Натянуто улыбаясь, мистер Хэнсом переводил взгляд с Нады на Отца.
— Ты забываешься, Наташа! — сказал Отец, грозя ей пальцем.
— Да прекрати ты грозить мне своим… поганым пальцем! — тихо-тихо сказала Нада.
— Теперь будут новые соседи, незнакомая обстановка для Дики. Надо, чтобы он освоился, чтобы подружился с ребятами…
— Его зовут Ричард! Не Дики, а Ричард. Ричард! — сказала Нада. Она пристально посмотрела на меня. — Ричард, пройди-ка туда. Что там за комната?
— Там библиотека! Зимний сад, то есть… — смешался мистер Хэнсом. — Вы про какую говорите?
— Иди-ка туда, не мешайся здесь. Тебе это не интересно, — сказала мне Нада.
Вот так мы и купили тот дом, чего, собственно, Отец и добивался. Он был хитер, этот дубина, этот сукин сын — мой Отец.
4…
И вот мы переехали в Фернвуд, широко раскинувшийся пригород одного известного крупного американского города, и поселились в доме, который оказался для нас слишком просторен, но, что поделаешь, надо ведь где-то жить. Мебель и вещи из нашего старого дома в Брукфилде, пригороде еще одного известного крупного города, были погружены и отправлены сюда, и к тому времени, как они прибыли, я уже успел разведать, а Нада даже как-то утром с возмущением во всеуслышание объявить, что на одной с нами улице и, по всей видимости, одновременно с нами поселилось еще одно семейство, переехавшее из Брукфилда; здесь же, в Фернвуде, буквально в миле от нашего дома торчит, как призрак, точь-в-точь такой дом, в каком мы прожили в Брукфилде последние года три; Охотничий клуб здесь ничем не отличается от Охотничьего клуба в Брукфилде, с той только разницей, что к здешнему прибавлены слова «в долине» и, кроме того, фернвудский клуб, судя по всему, запродал здешние лесные угодья с тропами для верховой езды какому-то строительному подрядчику. Но хуже всего было то, что через два дома от нас проживал некто Эдуард Григгс или кто-то весьма на него похожий, а это был субъект, за кем в Брукфилде охотилась полиция. Он занимался перепродажей дорогого антиквариата, и у него в доме в гостиной красовалась жестяная ванна, принадлежавшая Эмерсону (до такой степени узкая, что это вызывало странные предположения относительно телосложения философа) и еще были два столика работы мастеров эпохи Регентства из коллекции герцогини Кент стоимостью в девятнадцать и двадцать три тысячи долларов.
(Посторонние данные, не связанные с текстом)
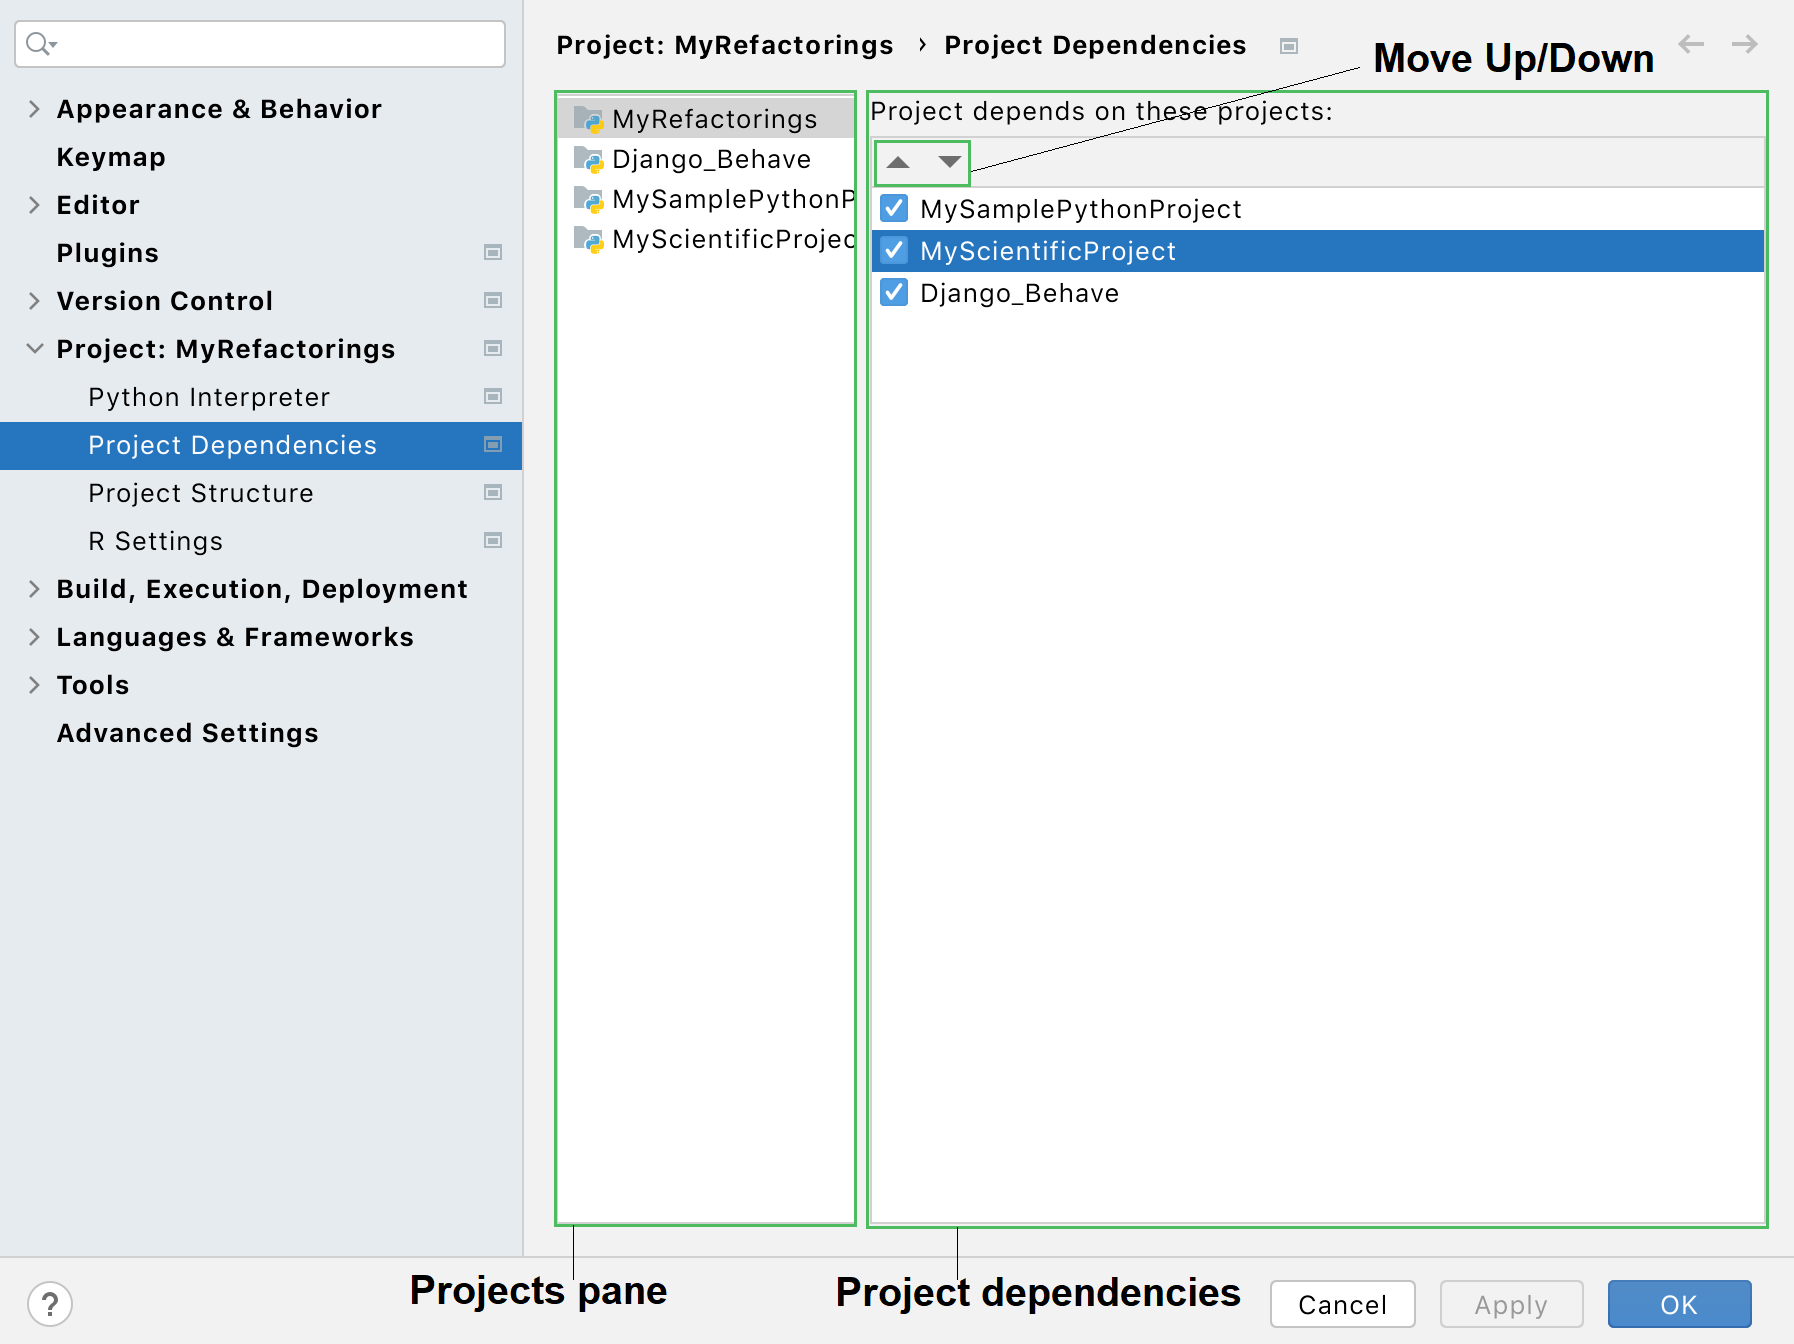 Managing project dependencies

Услышав последнюю новость, Отец раздумчиво изрек:
— Невозможно, дорогая, чтобы это был Григгс. Не мог же он так быстро сюда переместиться.
— Это — Григгс! — настаивала Нада.
— Сомнительно, — отозвался Отец.
Раз после ужина мы втроем отправились на прогулку. Первые недели обживания нового дома (а меняли дома мы беспрестанно) объединяли нас — Наду, Отца и меня — в дружное и счастливое семейство, хотя во время прогулки встречным могло показаться, будто мы не знаем друг дружку, сошлись на улице случайно и каждый только и ждет, как бы оторваться (именно такими словами описал семейство Эвереттов на прогулке один мой остроумный и бойкий брукфилдский приятель по школе). Иногда во время прогулки Нада опускала руку в перчатке мне на плечо или проводила ею по моим волосам, а Отец мог хлопнуть меня по спине, как бы подталкивая вперед. Возможно, оба прибегали к моей помощи, чтобы показать, что в конечном счете мы не чужие друг другу люди. И все же, разумеется, родители меня любили. Мне так кажется. Не сочтете ли вы меня высокопарным, если я признаюсь: я столько раз мысленно прогонял в голове этот вопрос, что буквально изрешетил им себе голову. Изрешетил… Любопытно, как нормальный читатель воспримет этот образ — как трагический или комический? Между тем мы проходили как раз мимо того дома, где, по нашему предположению, жил Григгс. Напоминавший средневековый баронский замок, дом был попышнее прежнего дома Григгса и даже для этой улицы казался огромным. Своим мрачно-помпезным, диковатым видом он походил на частные дома, в которых устраивают больницы.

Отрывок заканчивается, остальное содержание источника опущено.